Drug Shortage Compounding Patient Act of 2025 Being Introduced
Tennessee’s first US district Congresswoman Diana Harshbarger (R-TN) and Georgia Congressman Buddy Carter introduced legislation this week call the Drug Shortage Compounding Patient Act of 2025 (H.R. 5316). The legislation strengthens patient access to essential medications during times of shortage and reduces dependence on foreign drug suppliers by ensuring that compounding pharmacies can continue filling critical gaps in care.
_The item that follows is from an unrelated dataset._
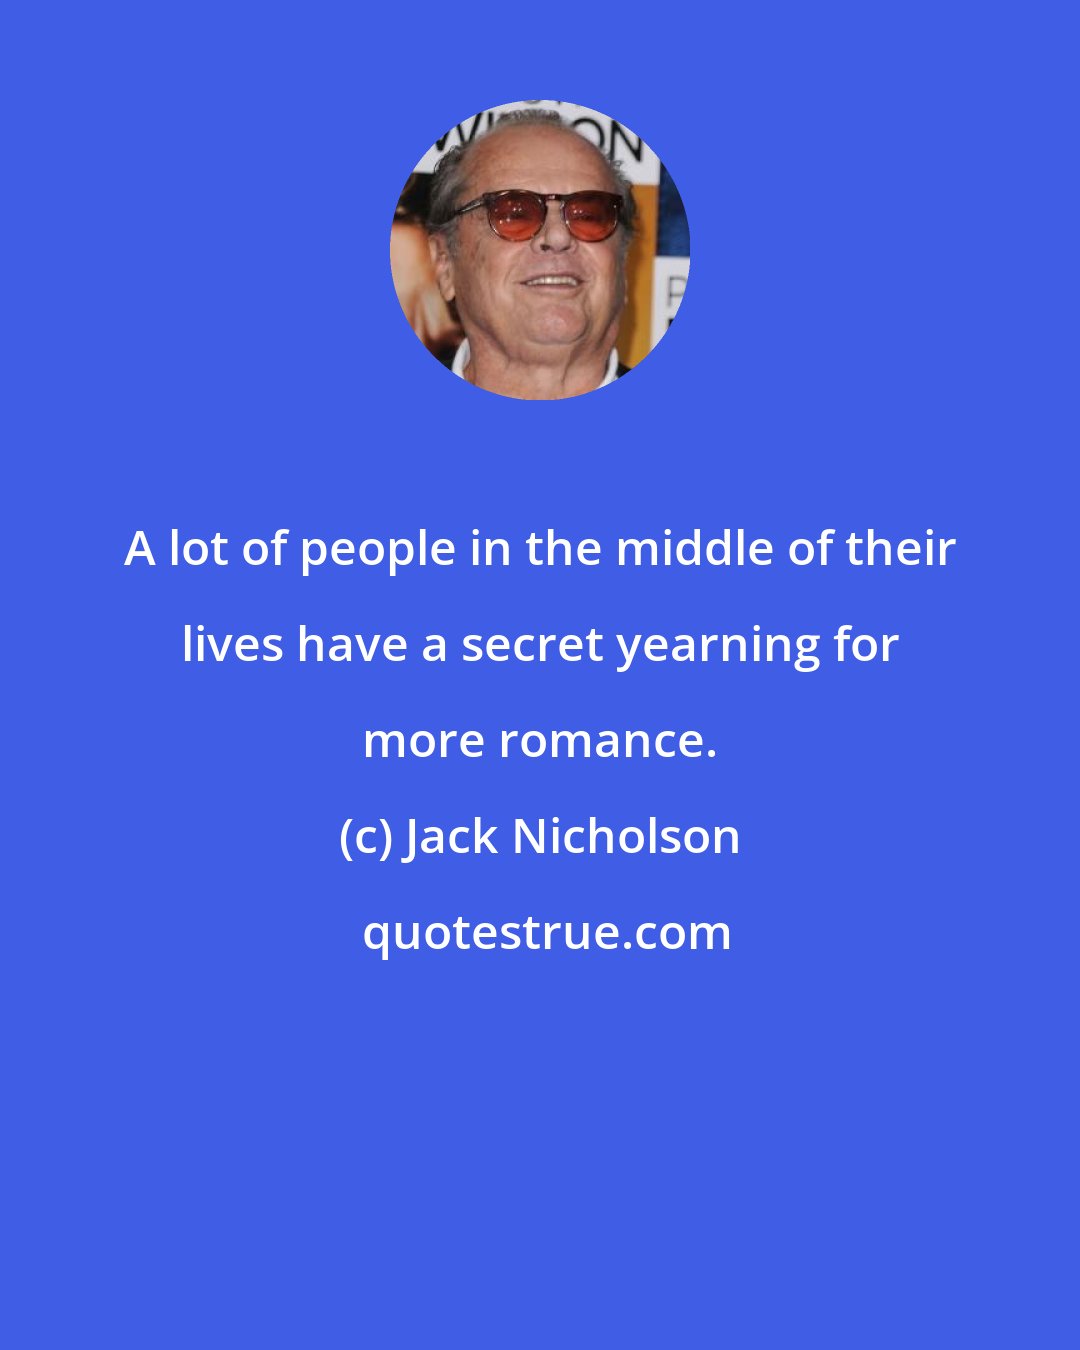 Jack Nicholson: A lot of people in the middle of their lives have a secret yearning for more romance.

The legislation codifies long-standing FDA guidance allowing compounding of certain drugs during shortages and builds on emergency measures taken during the COVID-19 pandemic, when compounding pharmacies stepped in to prepare urgently needed treatments for hospitals.
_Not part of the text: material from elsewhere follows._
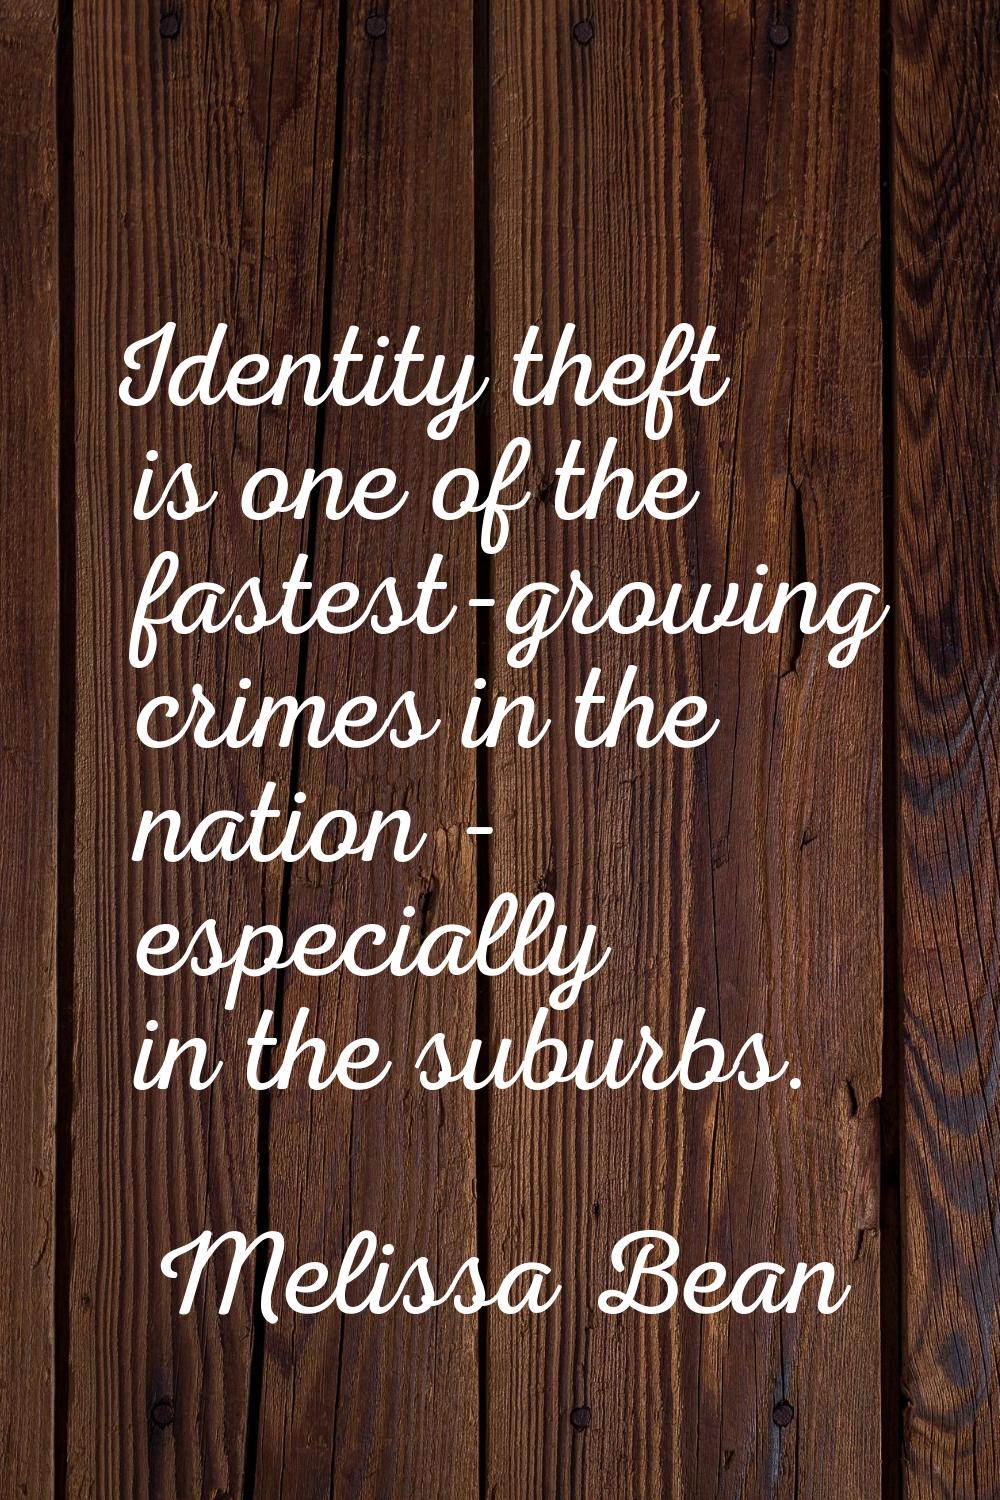 Identity theft is one of the fastest-growing crimes in the nation - especially in the suburbs.

Currently, the Federal Food, Drug, and Cosmetic Act provides two different frameworks for drug compounding. First there are 503A pharmacies are state-licensed and regulated by their state boards of pharmacy. They generally operate under the regulations for traditional, patient-specific compounding pursuant to a prescription. In contrast, 503B facilities are FDA-registered and regulated directly by the FDA. These facilities are permitted to produce larger batches of compounded medications, which can then be supplied to other healthcare places such as hospitals and clinics. Among the things this legislation does is allow state-licensed 503A pharmacies to compound shortage drugs for urgent hospital or clinical use with physician certification, with a 60-day transition period after a drug leaves the FDA shortage list.
Reps. Harshbarger and Carter are experts in this area as they are the only two pharmacists serving in the US House of Representatives.